De acordo com o Ministério da Saúde, neste momento, a maior parte do país está em cenário menos agressivo na incidência de dengue. Há 13 estados em estabilidade: Rondônia, Pará, Amapá, Mato Grosso, Mato Grosso do Sul, Rio Grande do Sul, Santa Catarina, Paraná, Ceará, Paraíba, Rio Grande do Norte, Rio de Janeiro e São Paulo. 

Já a tendência de queda está no Acre, Roraima, Amazonas, Tocantins, Goiás, Distrito Federal, Piauí, Minas Gerais e Espírito Santo. Apenas Alagoas, Bahia, Maranhão, Pernambuco e Sergipe apresentam tendência de aumento.

Infestação de mosquitos e mudanças climáticas

Segundo a diretora do Centro Estadual de Vigilância em Saúde (Cevs/RS), Tani Ranieri, o número de casos notificados no RS já ultrapassou o ano de 2022 e 466 dos 497 municípios estão infestados pelo Aedes Aegypt, mosquito transmissor da dengue. "Então, basta ter uma pessoa infectada para que haja transmissão da doença. Quanto maior a circulação viral, mais pessoas serão infectadas. E quanto mais pessoas infectadas, maiores são as probabilidades de termos óbitos como desfechos”, expõe. 

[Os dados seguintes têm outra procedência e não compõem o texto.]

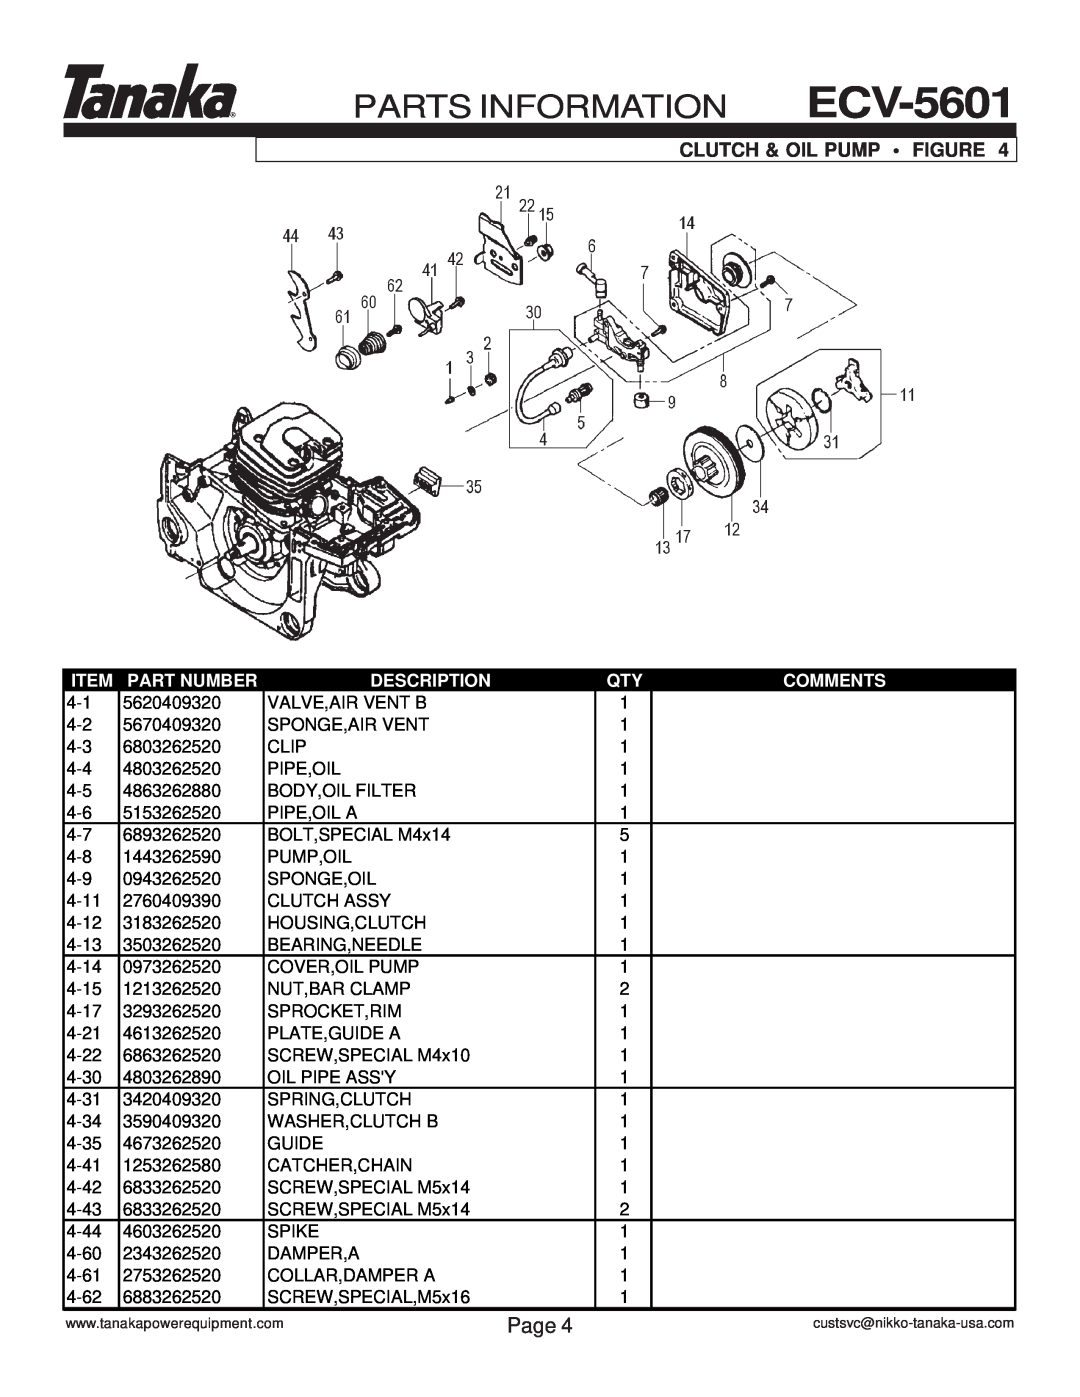 Tanaka manual Clutch & Oil Pump Figure, PARTS INFORMATION ECV-5601, Page, Part Number, Description, Comments

Para o virologista Fernando Spilki, a situação no estado é reflexo local de um processo de alteração climática global, que está gerando uma endemização da dengue nos últimos três anos. “Com o mundo chegando a sequência de dez meses mais quentes registrados na história, nós temos um recorde de temperatura, mesmo com temperaturas um pouco mais baixas do que no alto do verão, para essa época do ano, final de março e abril. Todas as condições nos últimos três anos favorecem o desenvolvimento de surtos de dengue, e eles têm se realizado. A gente não tem por imaginar que essa situação vai se modificar para os anos seguintes e isso é bastante preocupante”, avalia.

Controle da doença

O virologista aponta que o controle do mosquito, peça-chave para conter o avanço da doença, é muito difícil. “Mesmo um grau de infestação que corresponda, por exemplo, a dois domicílios numa quadra, já pode ser necessário para manter as condições de transmissão do vírus. Mesmo fazendo todo o esforço, se não tiver um engajamento muito forte da população, vai ter problemas. Também conta a questão de que nós ainda estamos numa fase em que, talvez, uma parte das pessoas ainda não tenha a consciência de que a dengue veio pra ficar, que ela não é mais um assunto estranho à realidade gaúcha, e que todos precisam estar muito atentos.”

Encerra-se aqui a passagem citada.